The internal transitions are chosen from the complete spectroscopic database of a molecule, for example, entries in the ReSpecTh [5] or HITRAN [4] database. The corresponding external transitions are transitions that could be measured in a new experiment. The external transitions could be identified by investigating the output of first-principles computations.

Example 2

The internal transitions are transitions of a spectroscopic database that are under a chosen upper uncertainty threshold, for example, ${10}^{-3}$ cm${}^{-1}$. The external transitions are the ones that could be added to the database and that are under the uncertainty threshold (provided, for example, by the precision of the new measurement or the theoretical calculations).

Graph construction

First, let us build the spectroscopic network using only the set of internal transitions. Let us call this graph H. Let us denote, throughout this study, the vertex representing the root of H by r. (In practice, it is safe to assume that there is at least one internal transition connected to the root. Else, this method is consistent by adding the root as an isolated vertex.) The graph H might have multiple connected components. Let us denote the connected component that contains r by $H_0$.
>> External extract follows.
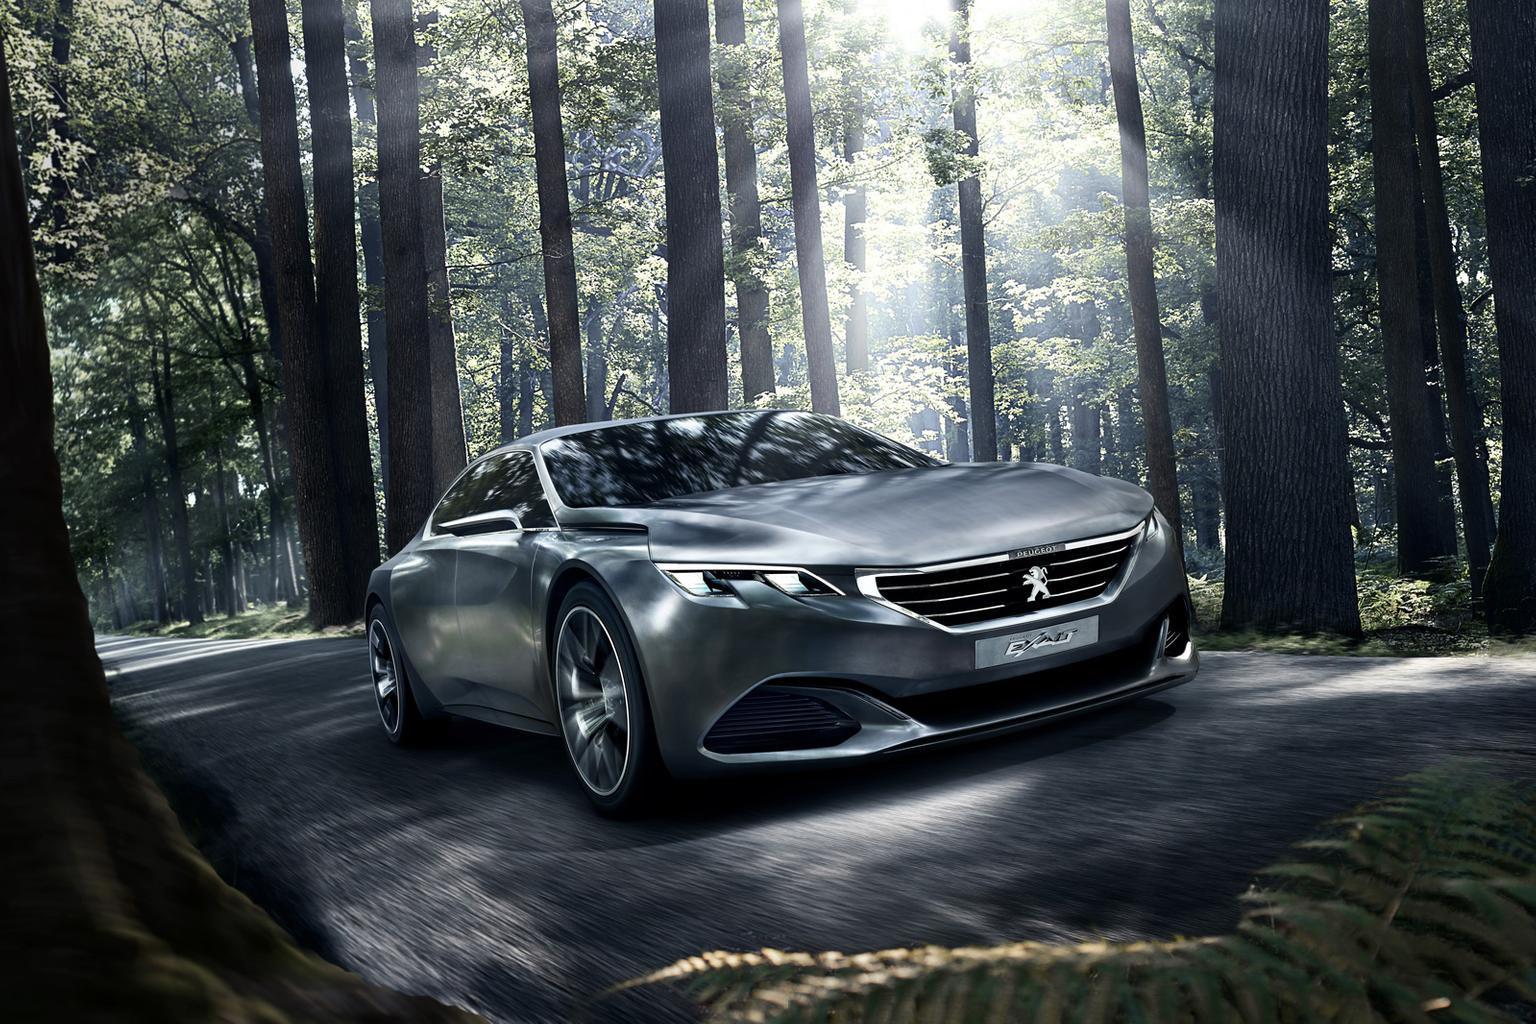 Peugeot Exalt and Infiniti Q80 concepts make debuts at Paris Motor Show

If H has only one connected component, $H_0$, then each external transition would contribute by adding either zero or one new vertex to $H_0$. Thus, it is trivial to classify external transitions by their usefulness (0 or 1). Therefore, let us suppose that there are multiple connected components in H and denote them by $H_0$ (which contains r), $H_1$, $H_2$, $\cdots$, see Fig. 2.

Fig. 2.

An example graph G, showing various scenarios how to reach the other subgraphs from the root through external edges. Solid edges: internal transitions. Dotted edges: external edges. Vertex r is the root of graph G

Now, let us add the set of external transitions to graph H, and let us denote the graph we obtain by G. Figure 2 shows an example graph G where the internal and external transitions correspond to solid and dotted edges, respectively. Note that the grey vertex between subgraphs $H_0$ and $H_4$ represents a quantum state that is not connected to any internal transitions.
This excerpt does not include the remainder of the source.